PROBLEM DESCRIPTION: Restate every line below word for word, but drop each picture.
DATA FOR ANALYSIS Start Marker
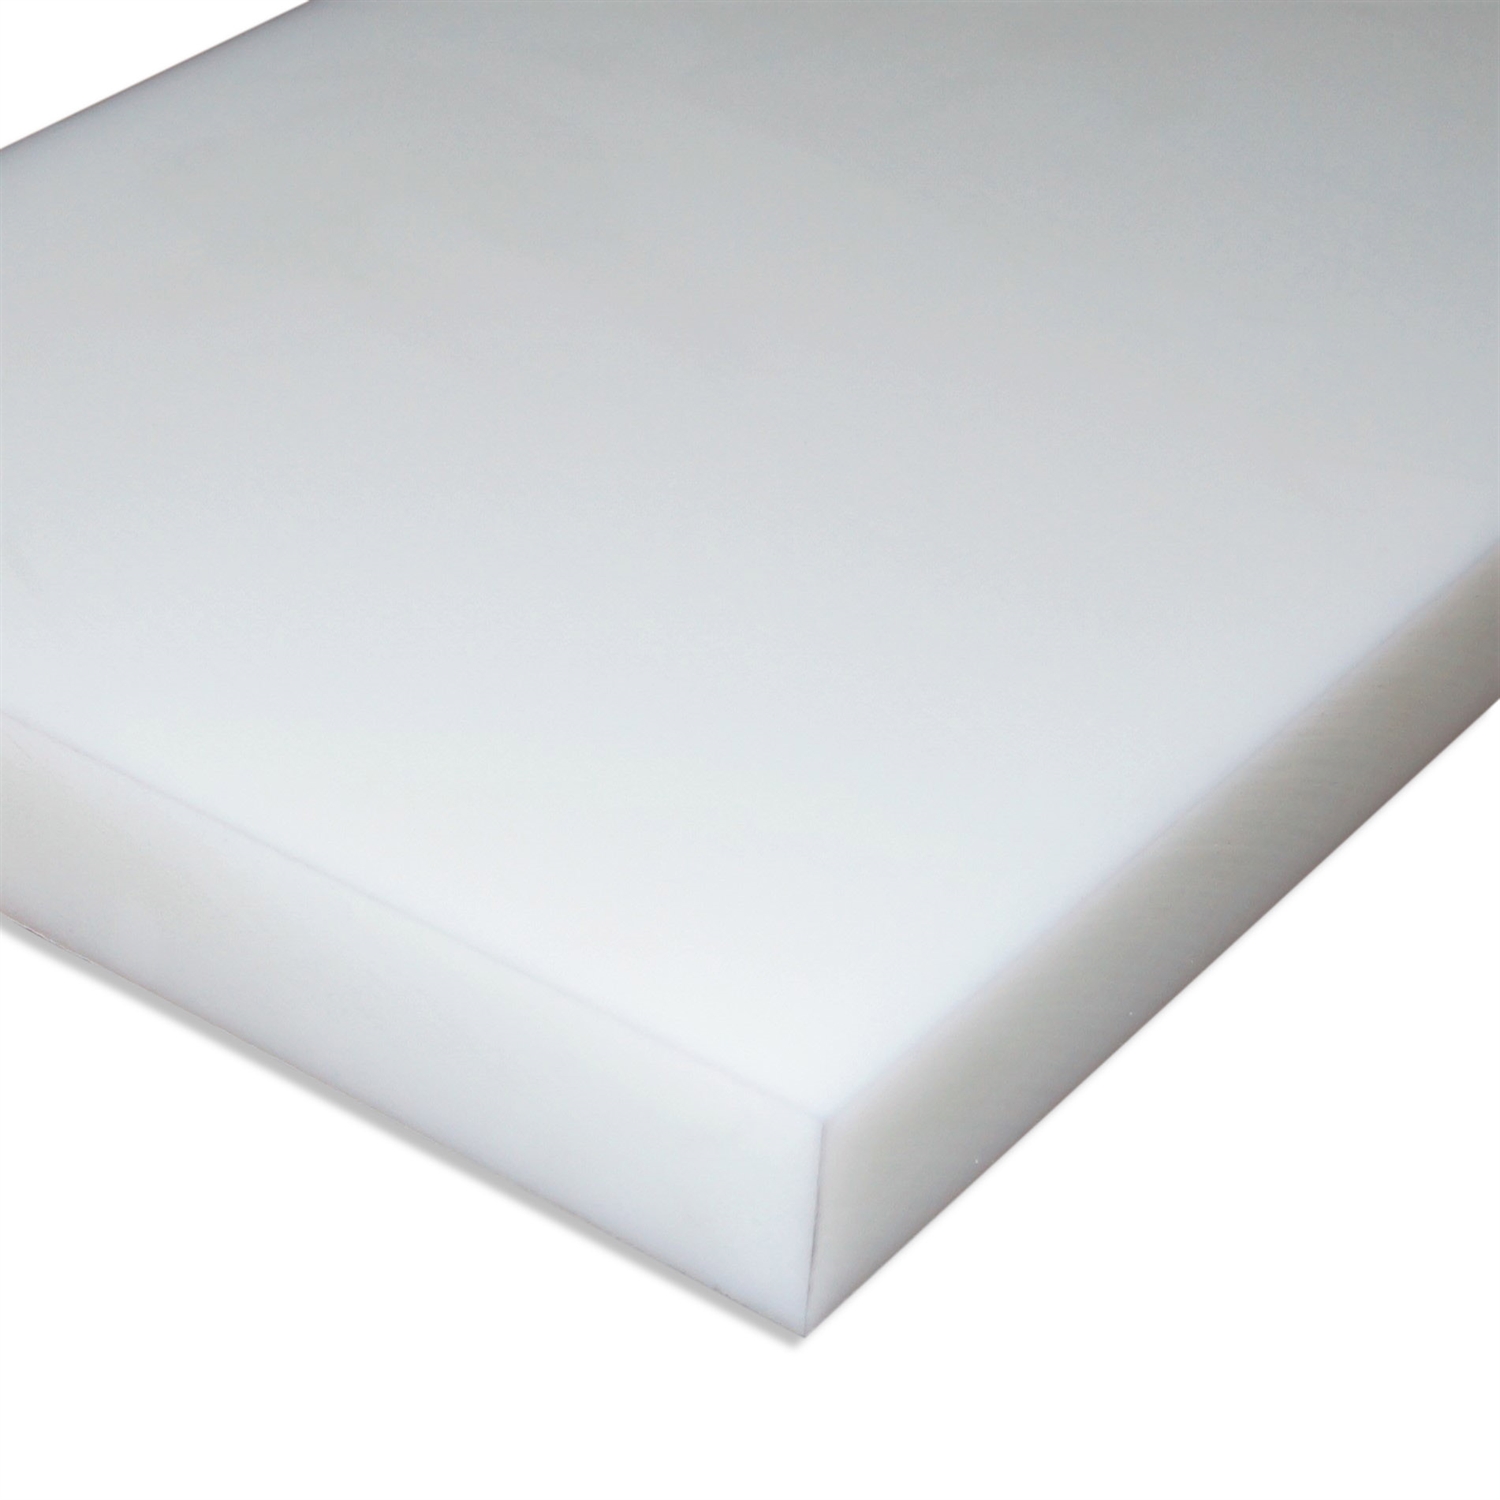 POM natur 1000x1000x5mm weiß Platte Zuschnitt Kunststoff Halbzeug 
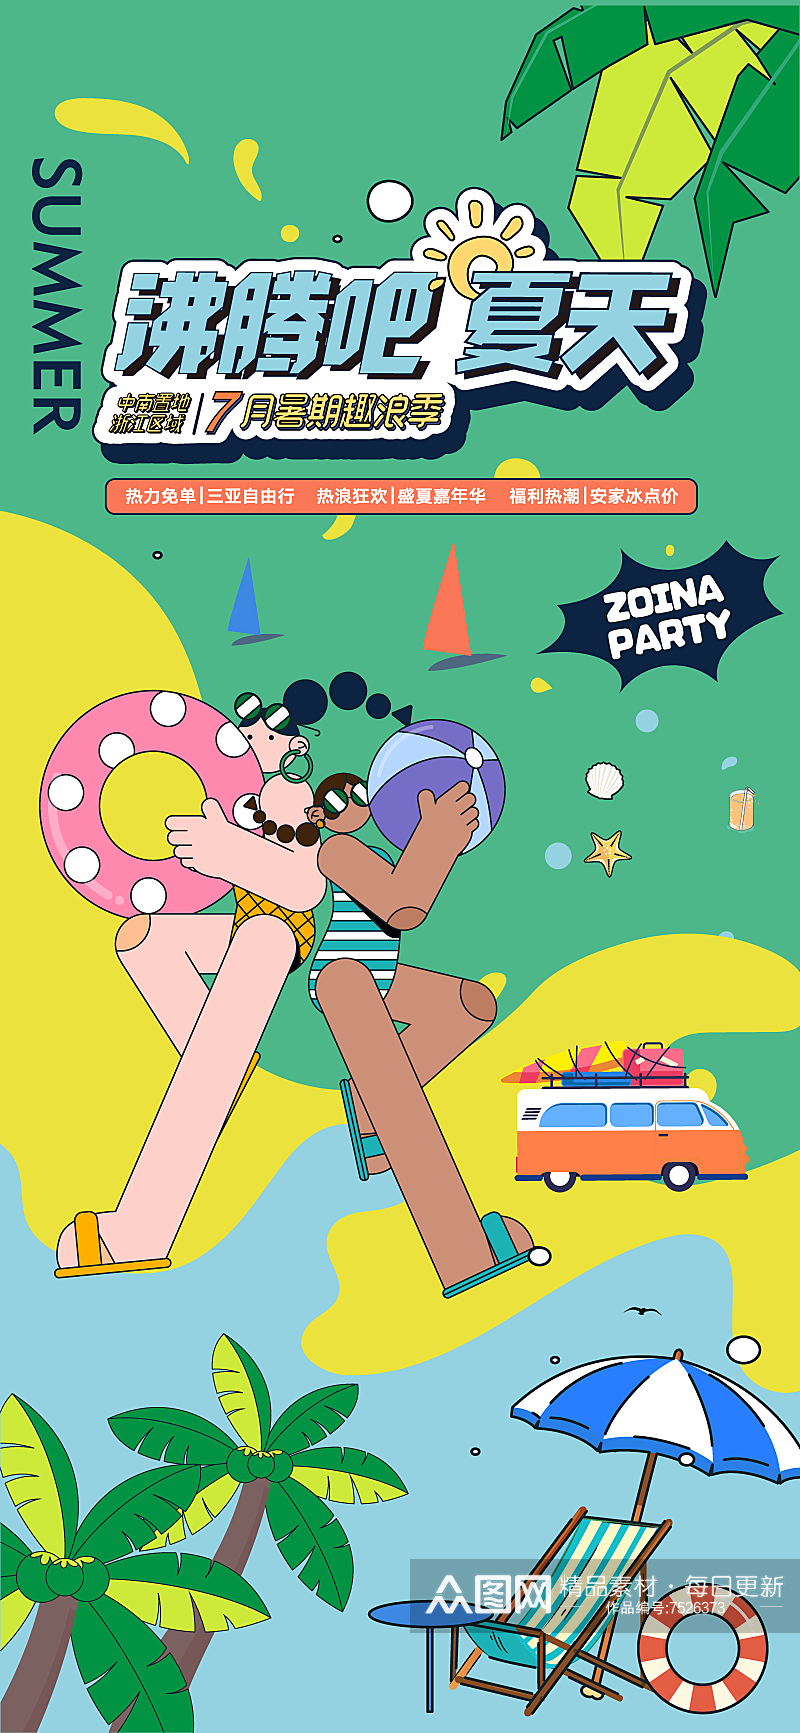 彩色夏季派对宣传海报设计素材
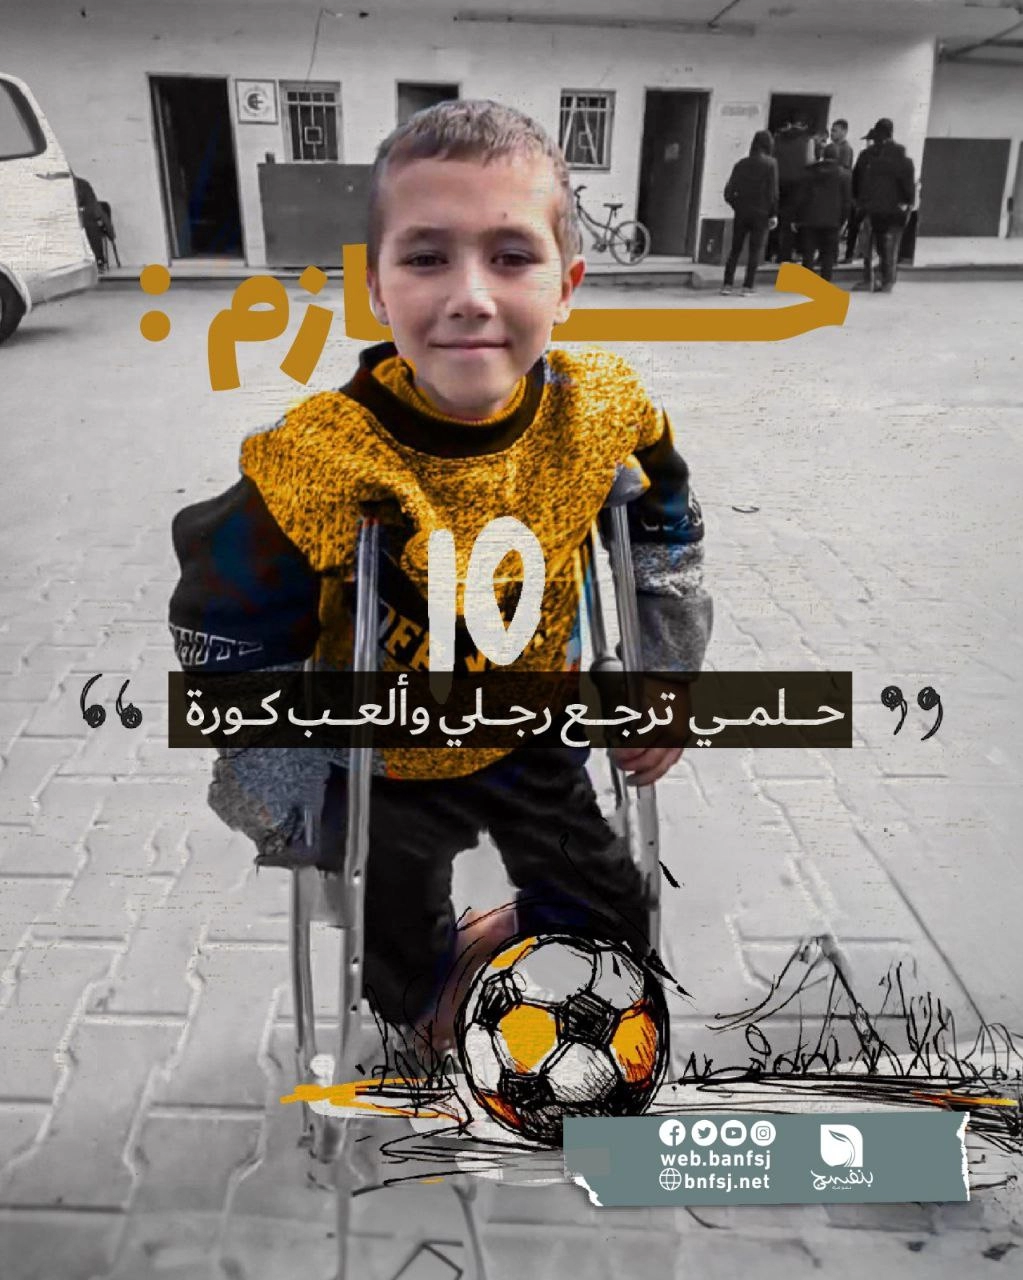 الطفل حازم من غزة يتمنى أن تعةد قدمه ليرجع يلعب كرة القدم.jpg
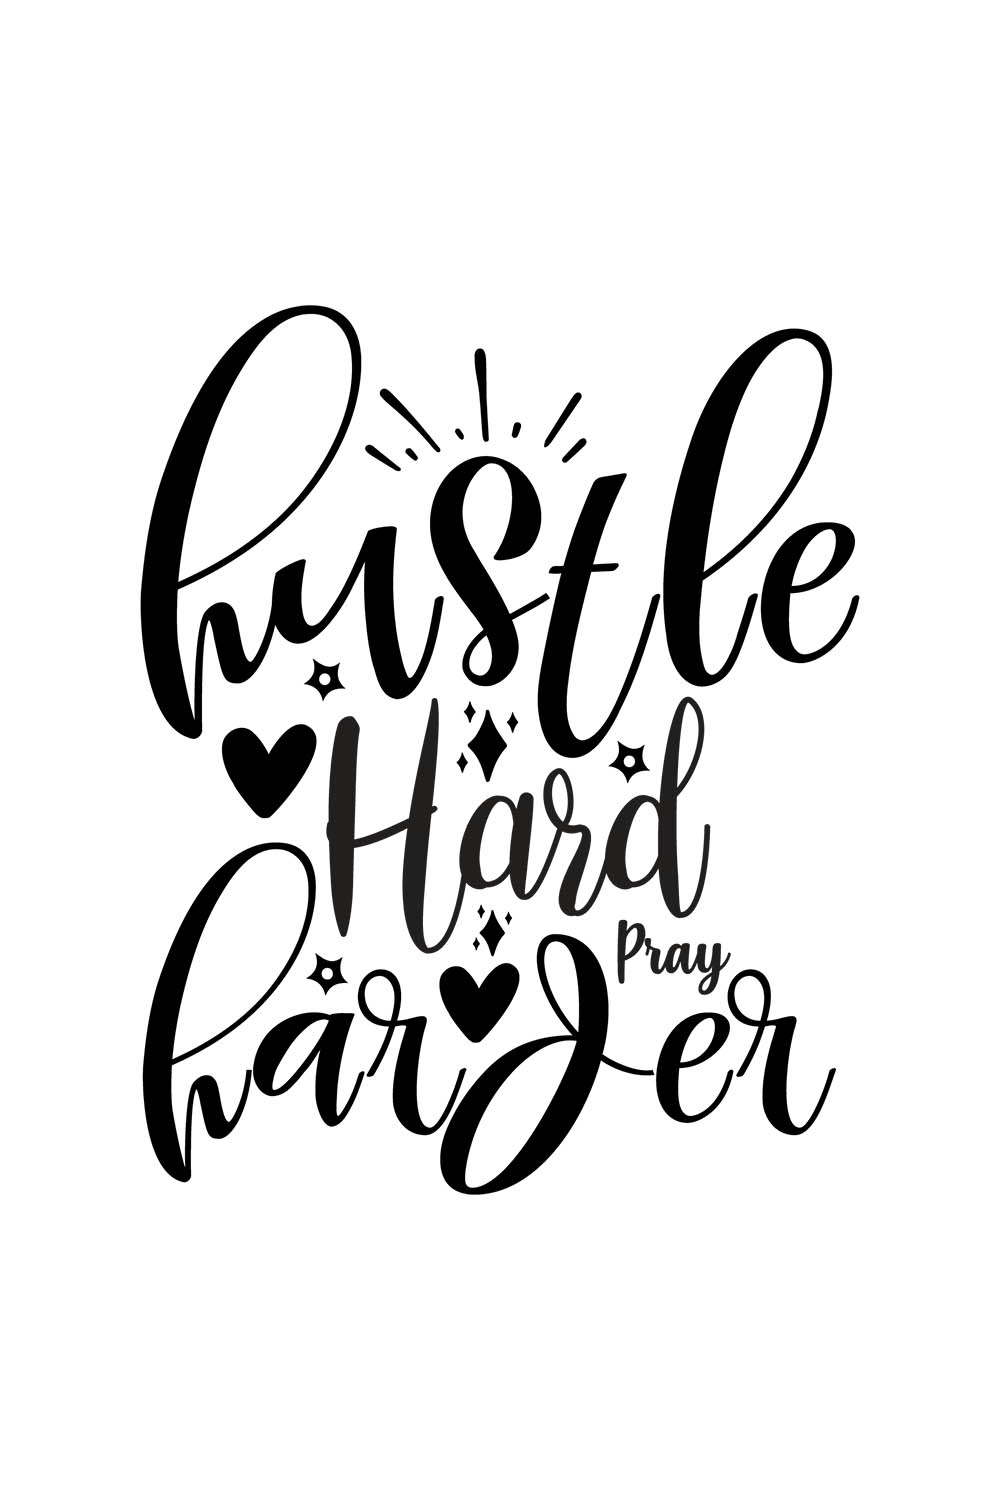 Image with enchanting black lettering for Hustle Hard Pray Harder prints.
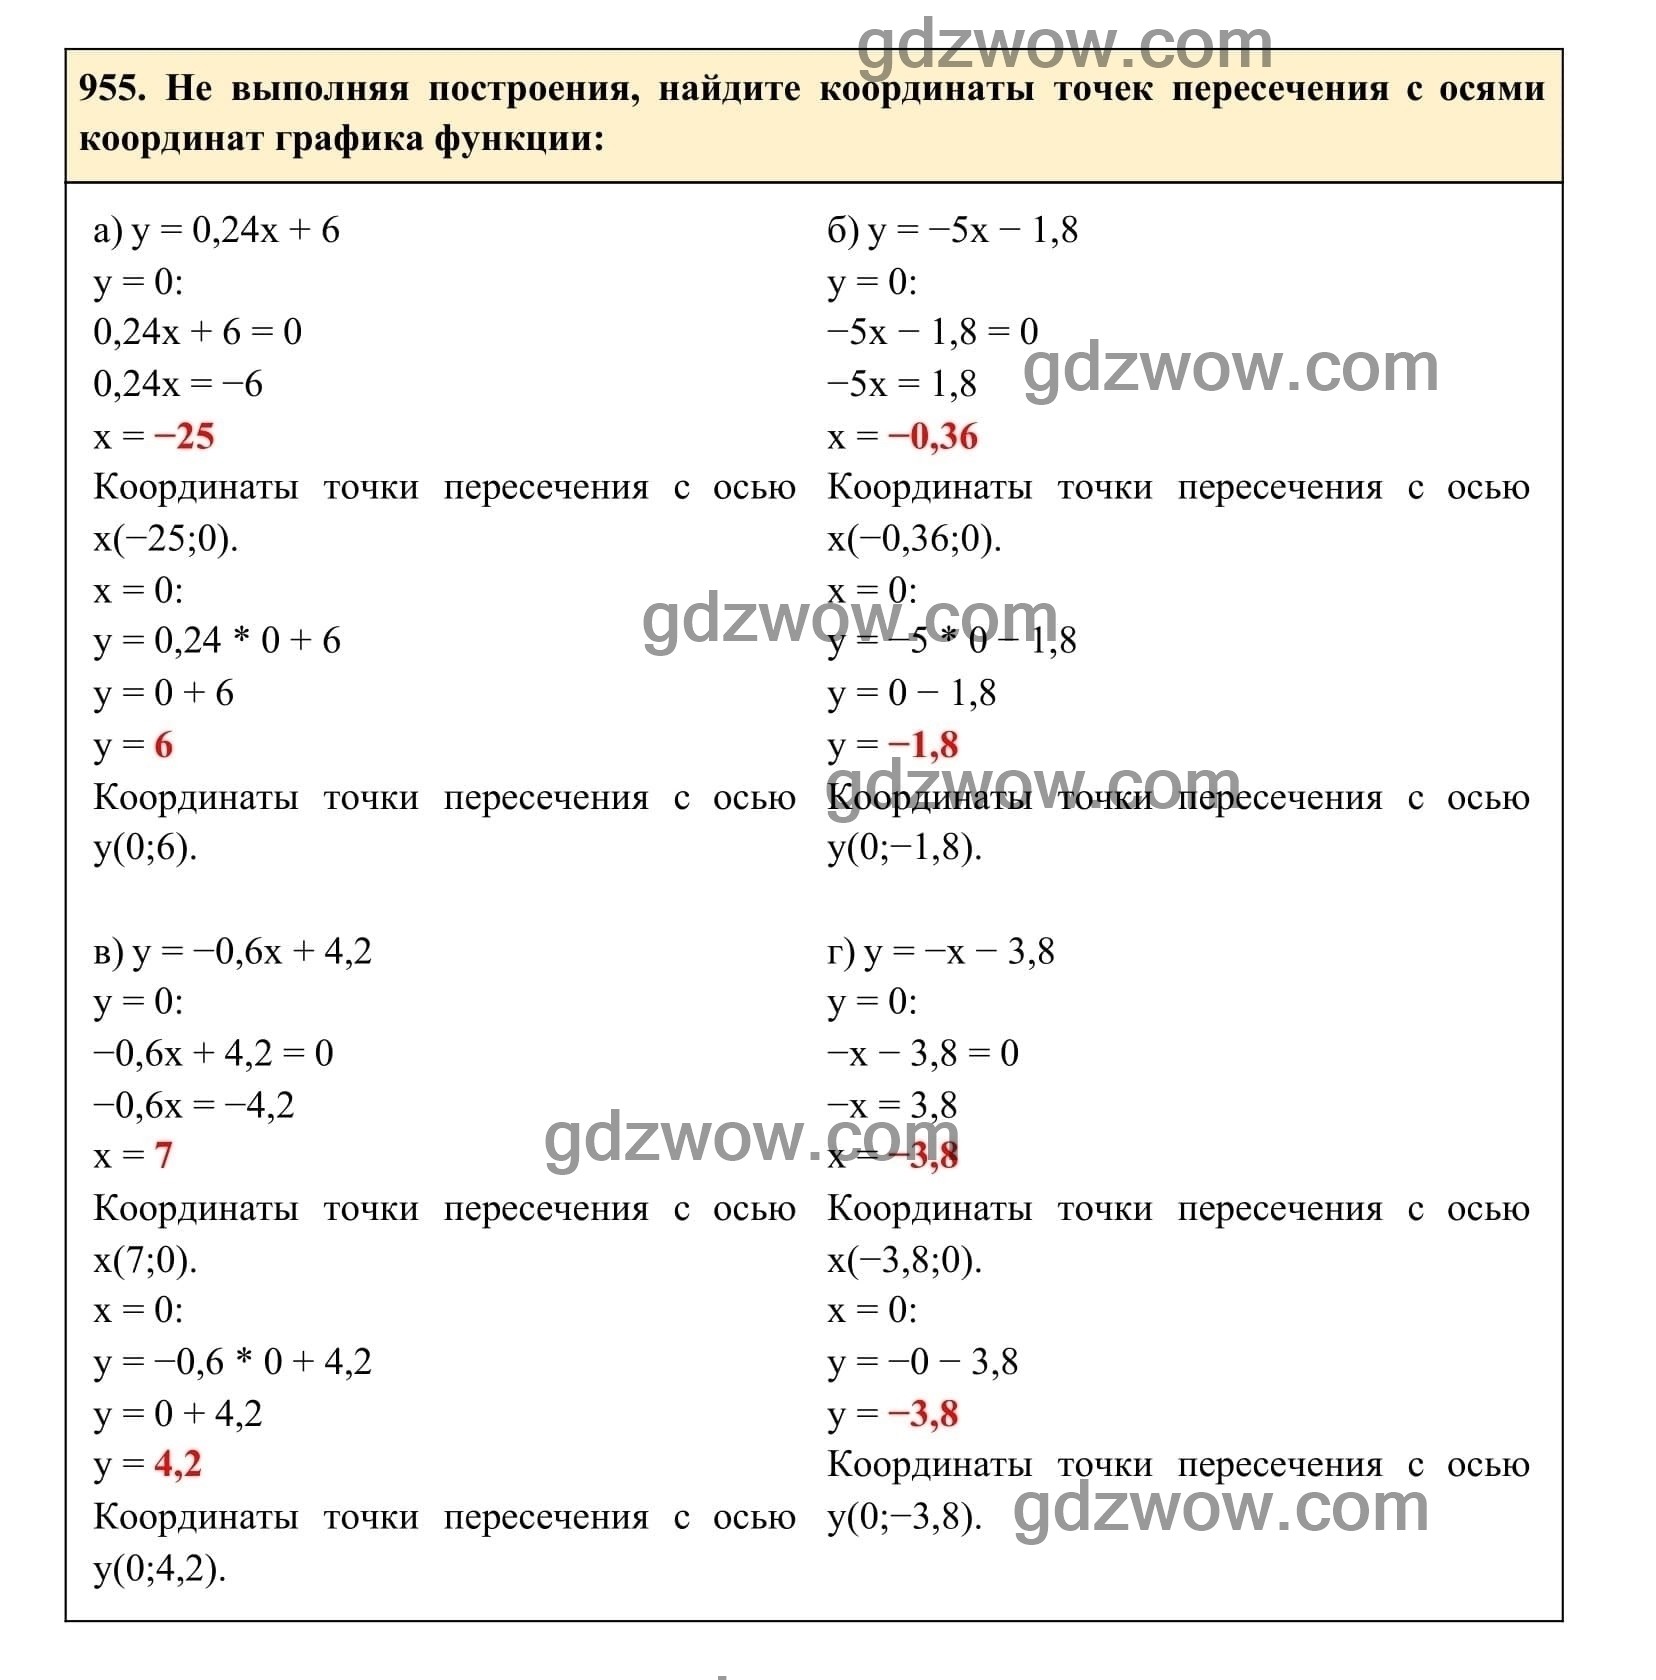 Упражнение 955 - ГДЗ по Алгебре 7 класс Учебник Макарычев (решебник) - GDZwow
DATA FOR ANALYSIS End Marker
RESULT FOR THIS TASK:
 POM natur 1000x1000x5mm weiß Platte Zuschnitt Kunststoff Halbzeug 
 彩色夏季派对宣传海报设计素材
 الطفل حازم من غزة يتمنى أن تعةد قدمه ليرجع يلعب كرة القدم.jpg
 Image with enchanting black lettering for Hustle Hard Pray Harder prints.
 Упражнение 955 - ГДЗ по Алгебре 7 класс Учебник Макарычев (решебник) - GDZwow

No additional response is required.